Do you mean that the MOT tester can't locate the vin place on your vehicle, or that the vin plate is missing ?
Did you not check the numbers on the vin plate against the numbers on the V5 when you bought the vehicle?


----------



## Dali (Jul 6, 2007)

Thanks Bill_H for your reply.
I do have the vin plate from the basic mercedes vehicle with the standard data on it ( chassis no , axle 1 & 2 weights ect ) but there is no data about the tag axle which I think Hymer fitted when they built the motorhome onto it.
This mot centre here ( ROI ) want info on this axle before passing me even though it has'nt failed. Up until this year there was no test for campers in Ireland ! 
On Monday i'll go to a weigh bridge and at least try to weigh what the tag axle is carrying


----------



## Pudsey_Bear (Sep 25, 2008)

Sometimes the conveerter puts the new plate inside the vehicle, but it should be near a door or on the door aperture, or visible from the door opening, our last one was on the passenger seat base.

If you fail to find one, I'd try contacting Hymer, who might have some records to help you.

Good luck Kev.

PS Welcome, it took a while to do your first post.


----------



## grizzlyj (Oct 14, 2008)

I thought the MOT tester had to enter an axle weight into the brake test machine before this aspect is checked? 

If no weight then no test so no pass? How do they do that!?!? :? 

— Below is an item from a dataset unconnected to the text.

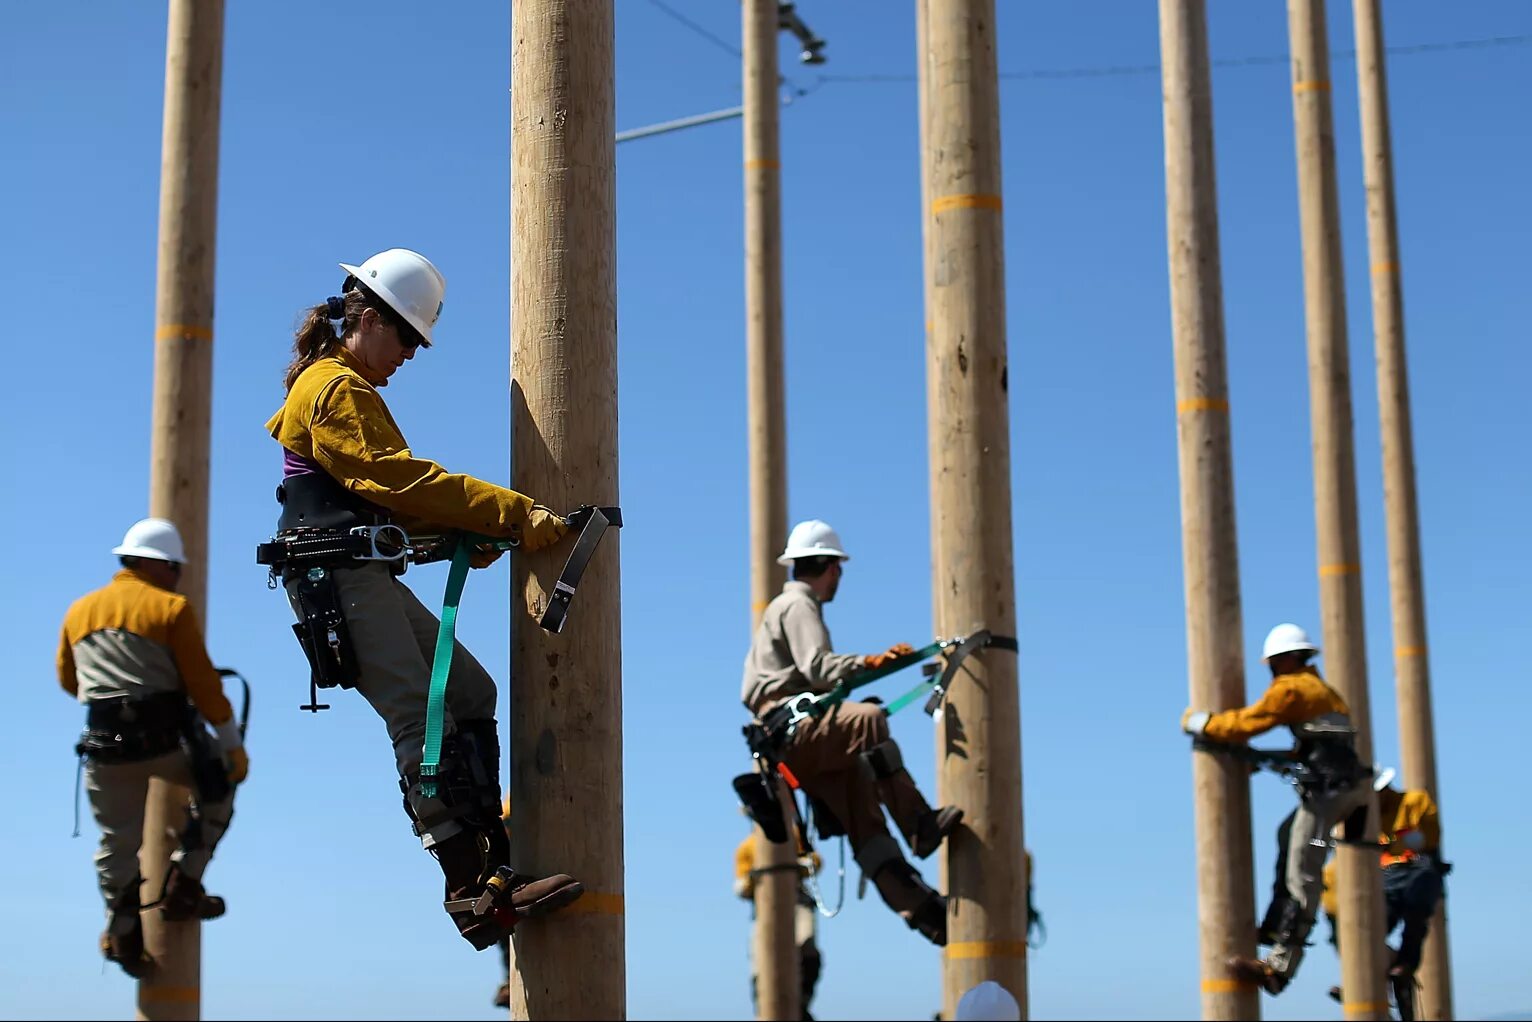 More poles. Utility worker. Pole Climbing. Картинки IMAGEUTILITIES. Картинка Employability skills.

If someone here can tell you what the max axle weight should be, will the test centre take your word for it or are they going to need an official plate (from Hymer??) anyway?


----------



## sideways (Jun 2, 2008)

If you read his response he says no Mot for campers in Ireland prior to this year, so probably never been mot,d before.


----------



## Dali (Jul 6, 2007)

So, today I searched this vehicle inside and out, top to bottom looking for the converters plate, all I found was an eriba-hymer plate with 6 numbers on it through the leisure door. Thanks Kev_n_Liz and also enjoyed your comment about my first post.
Ther is no issue with the brakes or the standard 2 axles, the issue is only having no info on the tag axle which has no brakes fitted as they are just stabilizing wheels. The test centre wants a vin plate for the tag or documented proof of its purpose and weight carrying capabilities. Thanks grizzlyj
I bought this camper in Wales 7 years ago with full mot and brought it to the south of Ireland. Only this year they have started testing campers so I never needed a mot cert. Thanks sideways

Ill contact Hymer somewhere on Monday


----------